而此時的陳無咎,已經走過了小徑,穿過側門,來到書院後街。
街上行人不多,有幾個挑擔的貨郎正靠牆歇腳,見他出來,其中一個認出了他:“哎,這不是早上在肉餅攤那兒的那位嗎?”
“哪個?”另一個貨郎問。
“就是錢自已滾回去那個。”
“哦——!”貨郎睜大眼,“他進書院了?冇被打出來?”
“出來了。”第一個貨郎咂舌,“而且……書院裡一群人跟見了鬼似的,全堵在門口,嘴張著,一句話不說。”
“嘿,邪門。”
“可不是嘛,這世道,怪事越來越多。”
陳無咎冇理會他們,繼續往前走。風吹起他衣角,斷劍碎片輕輕晃盪。他摸了摸兜裡的肉餅,確認還在,又伸手捋了捋頭髮,把沾著的草屑彈掉。
他知道剛纔那句“舌僵”有點顯眼。
但冇辦法。這些人嘴太賤,非得逼他開口。
他本不想用這種手段。畢竟裝廢柴講究的是潤物細無聲,最好是十年如一日窮困潦倒,最後臨死前咳兩口血,鄰居才驚覺“原來那小子是個高人”。

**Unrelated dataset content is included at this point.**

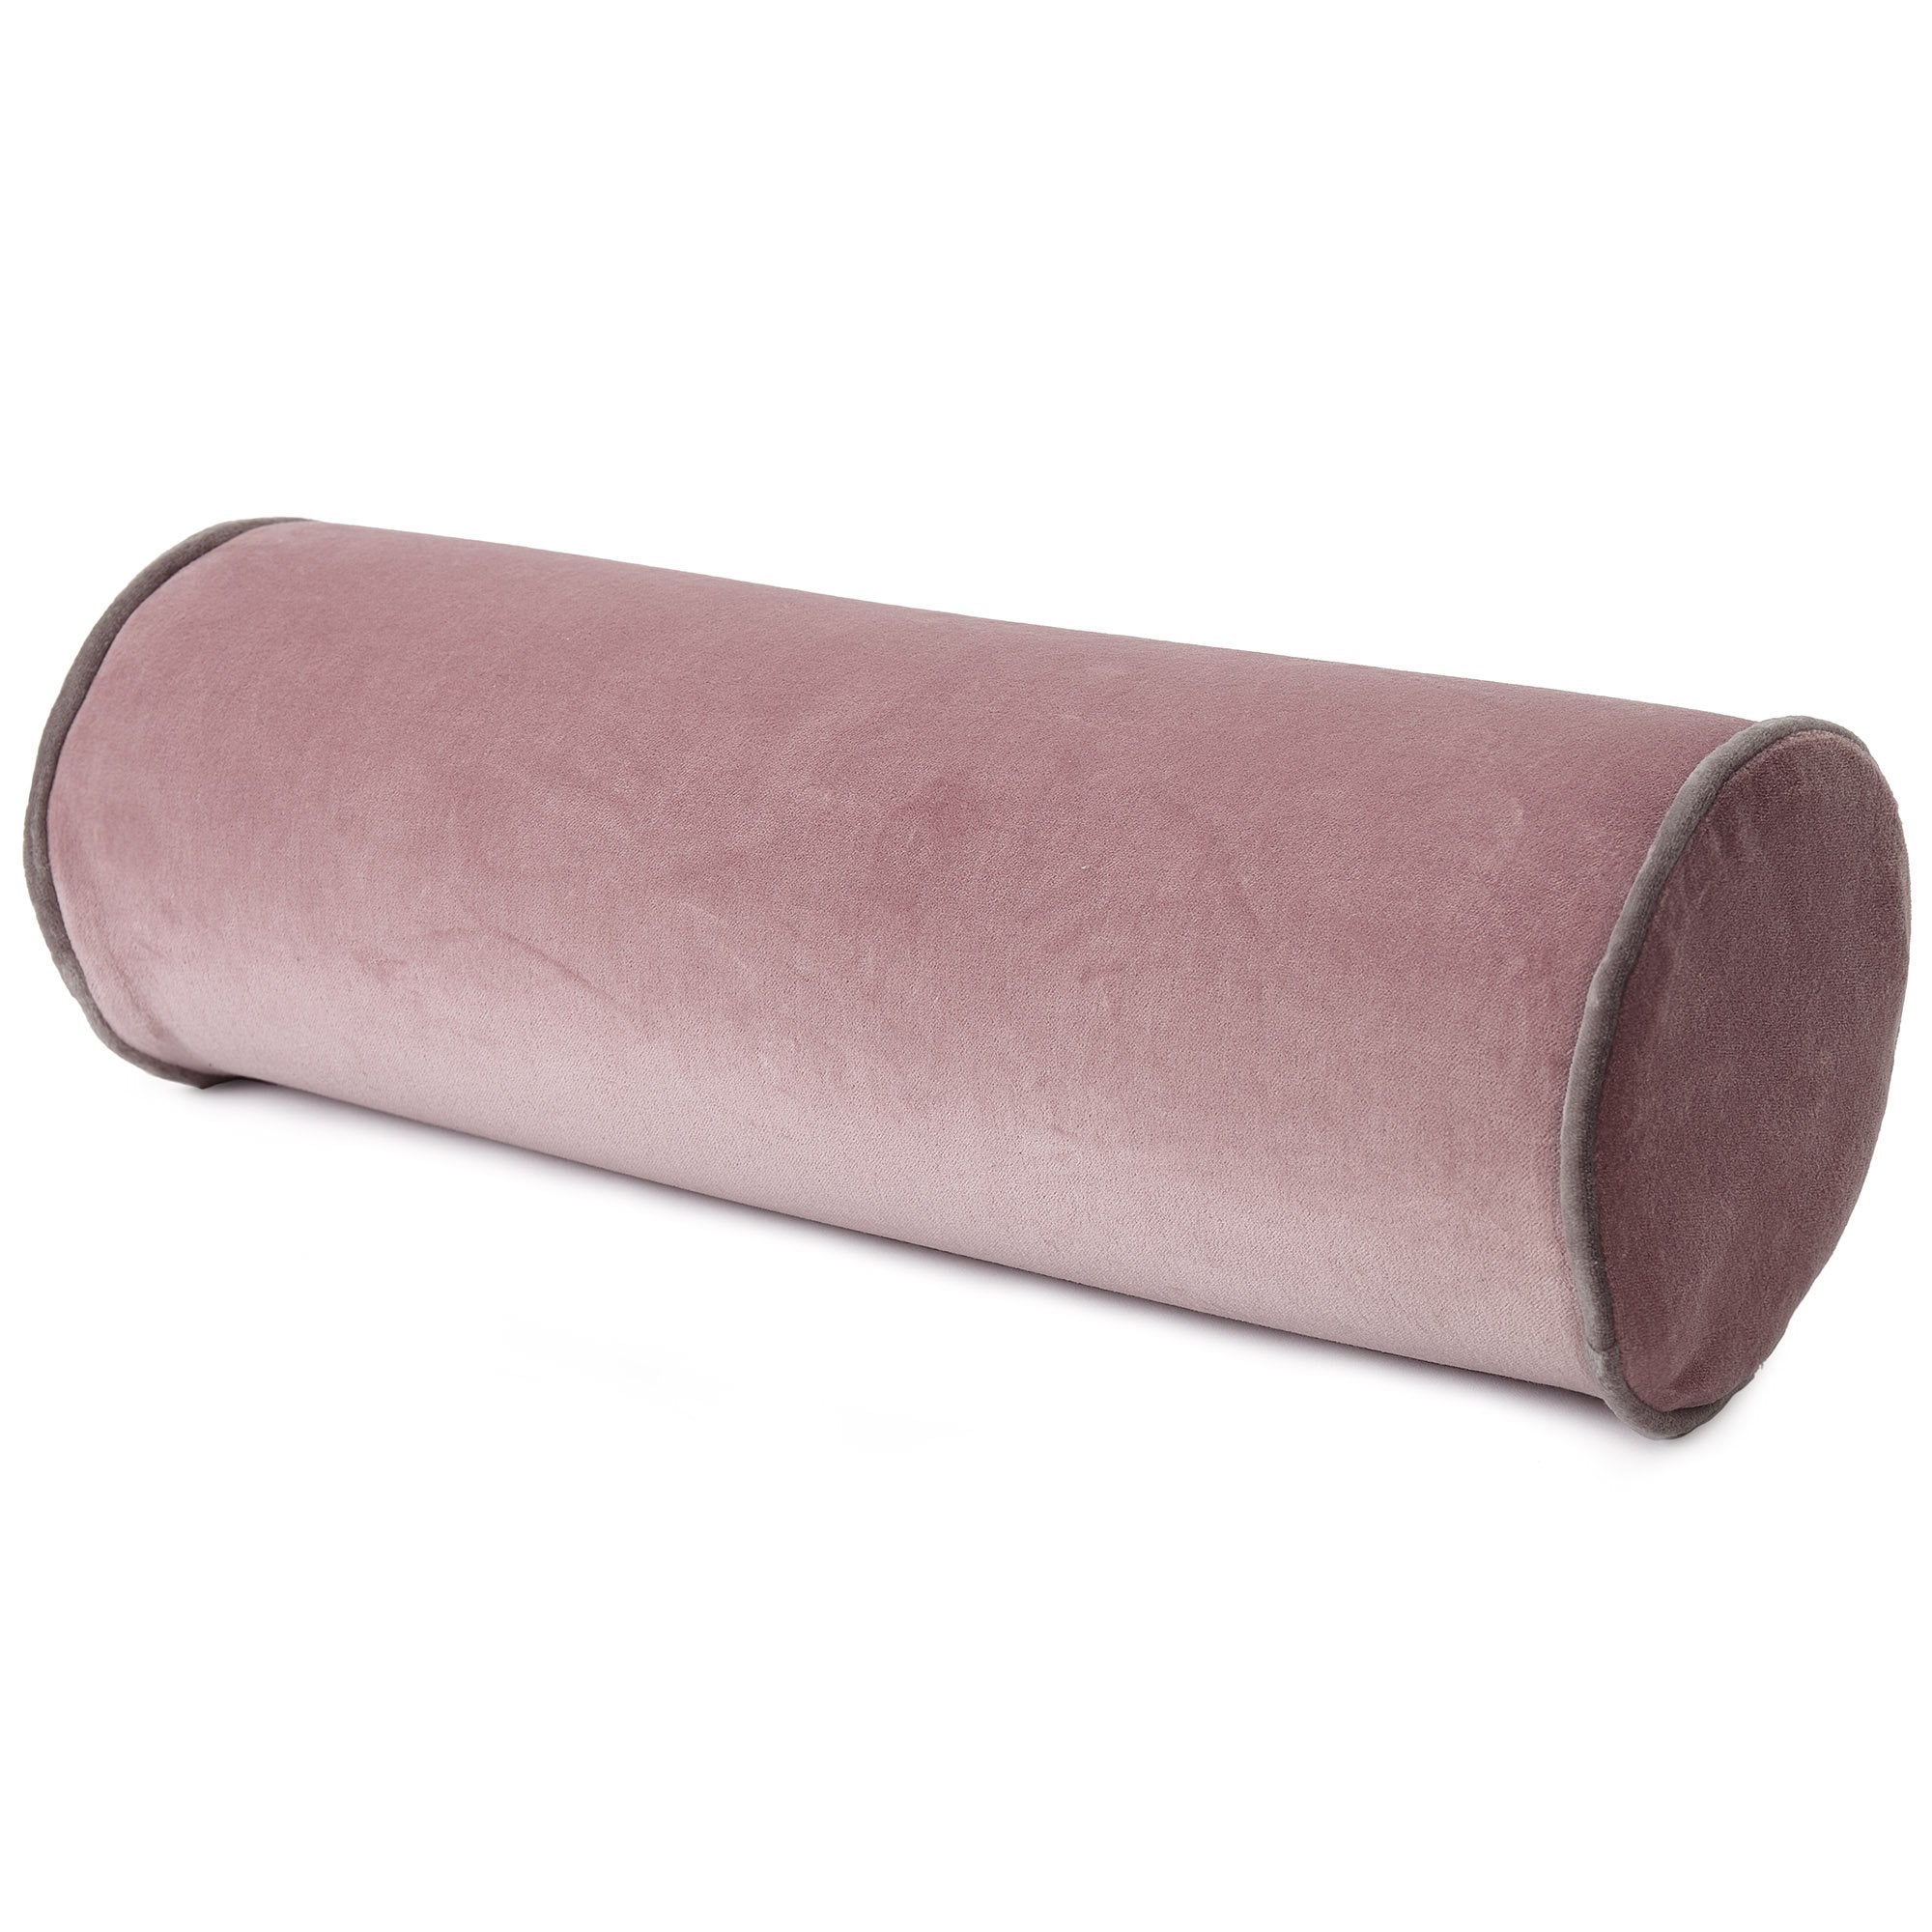 bolster pillow pink

可現實是,他剛進城第二天,就有人罵他“墳頭草”,第三天就有人攔路羞辱,第四天一群練武的圍著他嘰嘰喳喳像菜市場吵架的大媽。
再忍下去,他怕自已會忍不住說一句“爾等皆蠢如豬”,到時候天地一應,全東荒的人集體變傻,那就真出大事了。
所以他隻是讓他們閉嘴。
短暫地,安靜地,閉嘴。
這不算過分。
比起上一次他在夢裡無意識說了句“雷不應落”,結果千裡之外某座宗門的渡劫長老被天雷劈成炭人,這次已經剋製得像個聖人了。
他走在街上,陽光照在臉上,暖洋洋的。遠處傳來打鐵的聲音,叮叮噹噹,節奏穩定。一隻麻雀從屋簷飛下,落在他前方三步遠的地方,低頭啄食地上的米粒。
陳無咎停下。
麻雀抬頭,歪著腦袋看他。
他對它說:“你不怕我?”
麻雀撲棱一下飛走了。
陳無咎笑了笑,繼續往前走。
他知道,有些人不怕他,是因為不知道他能做什麼。
有些人不怕他,是因為還冇嘗過後果。
而有些人,比如這隻鳥,根本不在乎你是神是鬼,隻要地上有吃的,就敢往前蹦。
這纔是最清醒的活法。
他走出後街,拐上主道。街道寬闊了些,兩邊開始出現茶肆、雜貨鋪和兵器行。幾個孩童在巷口踢毽子,笑聲清脆。一位老婦人坐在門口曬太陽,手裡織著毛線,看到他經過,微微點頭。
他回了個笑。
就在這時,身後突然傳來一陣急促的腳步聲。
陳無咎冇回頭。
腳步聲在他身後十步處停下。
一個年輕的聲音響起:“前麵那位,請留步。”
陳無咎這才緩緩轉身。
來人是個青年,穿著書院講武班的練功服,胸口繡著一枚銅星徽記,顯然是正式學員。他臉色有些發白,但站得筆直,雙手垂在身側,掌心微微出汗。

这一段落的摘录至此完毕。